Now that I have started consulting on software development, I am developing a different way of analyzing code for quickly detecting code hotspots which need to addressed first. The techniques I am using are different than traditional 'static code analysis' (e.g. using tools like lint, PMD, FindBugs etc). I am using a mix of various code metrics and visualizations to detect 'anomalies'. In this process, I found a need for a good 'code duplication detector'.

There are two good code duplication detector already available.
  1. CPD (Copy Paste Detector) from PMD project.
  2. Simian from RedHill Consulting.
I am big fan of reuse and try to avoid rewrites as much as possible. Still in this case both tools were not appropriate for my need.

Out of box CPD supports only Java, JSP, C, C++, Fortran and PHP code. I wanted C# and other languates also. It means I have to write a lexers for any new language that I need.

Simian supports almost all common languages. but it is 'closed' source. Hence i cannot customize or adopt it for my needs.

So the option was to write my own. I decided to write it in Python. Thanks to Python and tools available with Python, it was really quick to write. In 3 days, I wrote a nice Code Duplication Detector which supports lots of languages and optimized it also.

The key parts for writing a duplication detector are
  1. Lexers (to generate tokens by parsing the source code)
  2. good string matching algorithm to detect the duplicates.
I wanted to avoid writing my own lexers since it meant writing a new lexer every time I want to support a new language. I decided to piggy back on excellent lexers from Pygments project. Pygments is a 'syntax highligher' written in Python. It already supports large number of programing languages and markups and it is actively developed.

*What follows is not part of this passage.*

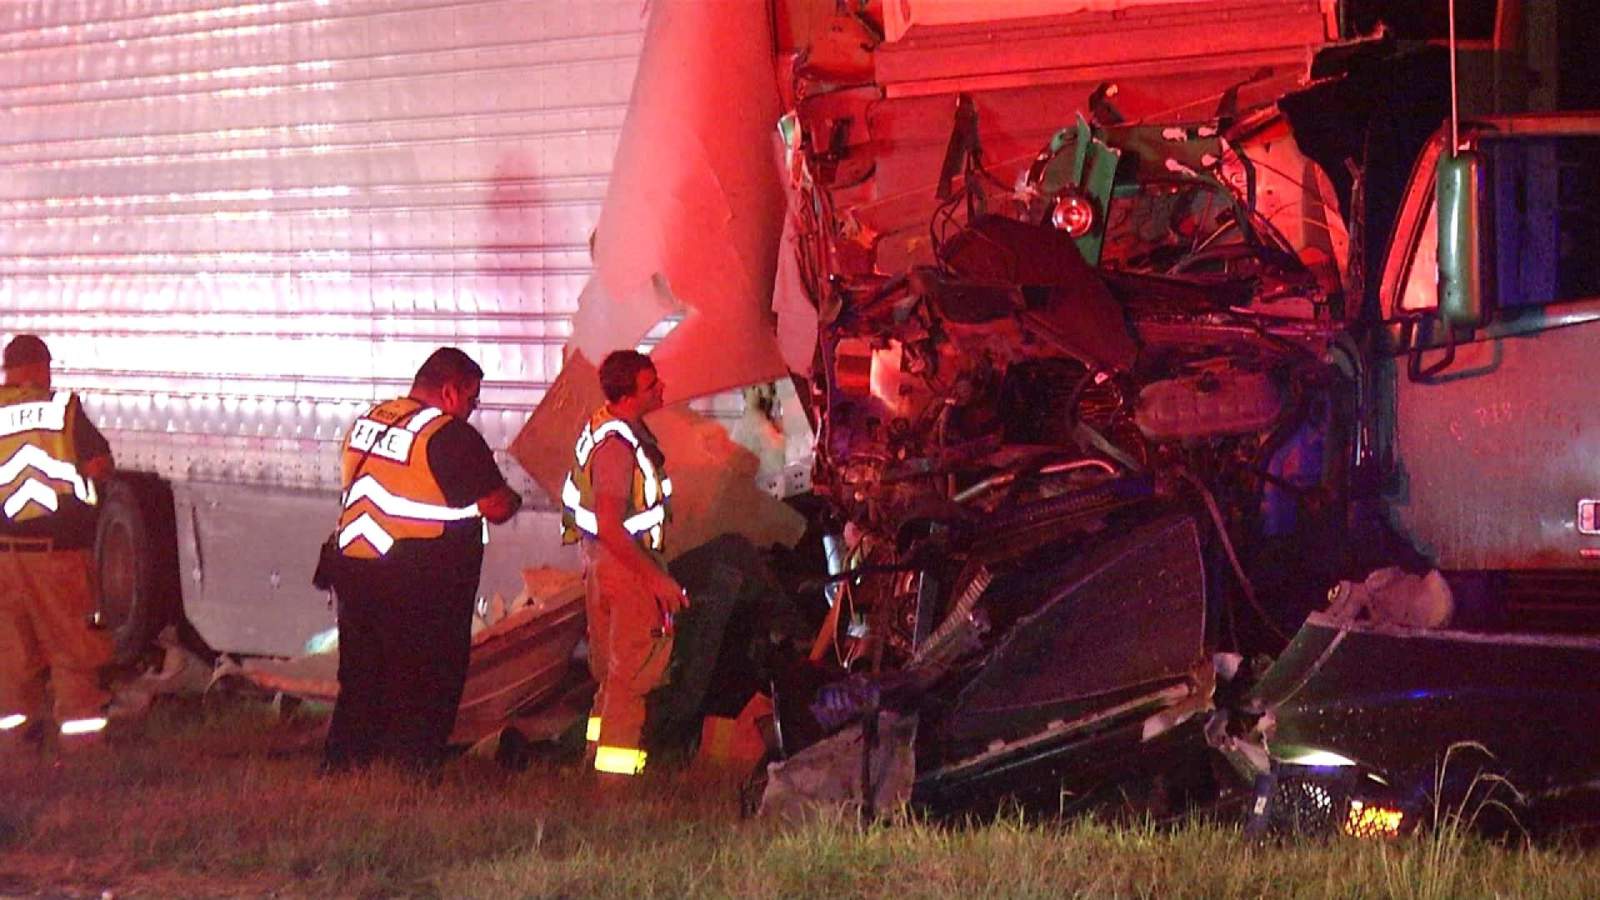 18-wheeler crash leaves debris, cabbage on I-37 in South Bexar County

For algorithms, I started by studying CPD. CPD pages just mentions that it uses Rabin Karp string matching algorithm however I could not find any design document. However there are many good refrences and code examples of Rabin Karp algorithm on internet. (e.g. Rabin Karp Wikipedia entry). After some experimentation I was able to implement it in Python.

After combining the two parts, the Code Duplication Detector (CDD) was ready. I tested it on Apache httpd server source. After two iterations of bug fixes and optimizations, it can process 865 files of Apache httpd source code in about 3min 30 seconds. Not bad for a 3 days work.

Check the duplicates found in source code ofApache httpd server and Apache Tomcat server
  • Duplicates found in Apache httpd server source using CDD
    Number of files analyzed : 865
    Number of duplicate found : 161
    Time required for detection : 3 min 30 seconds

  • Duplicate found in Apache Tomcat source code using CDD
    Number of files analyzed : 1774
    Number of duplicate found : 436
    Time required for detection : 19 min 35 seconds
Jai Ho Python :-)

Now I have started working on (a) visualization of amount of duplication in various modules (b) generating 'tag clouds' for source keywords, class names.

PS> I intend to make the code CDD code available under BSD license. It will take some more time. Mean while if you are interested in trying it out, send me a mail and I will email the current source.

Update (21 July 2009) - CDD Code is now available at part of Thinking Craftsman Toolkit project on google code.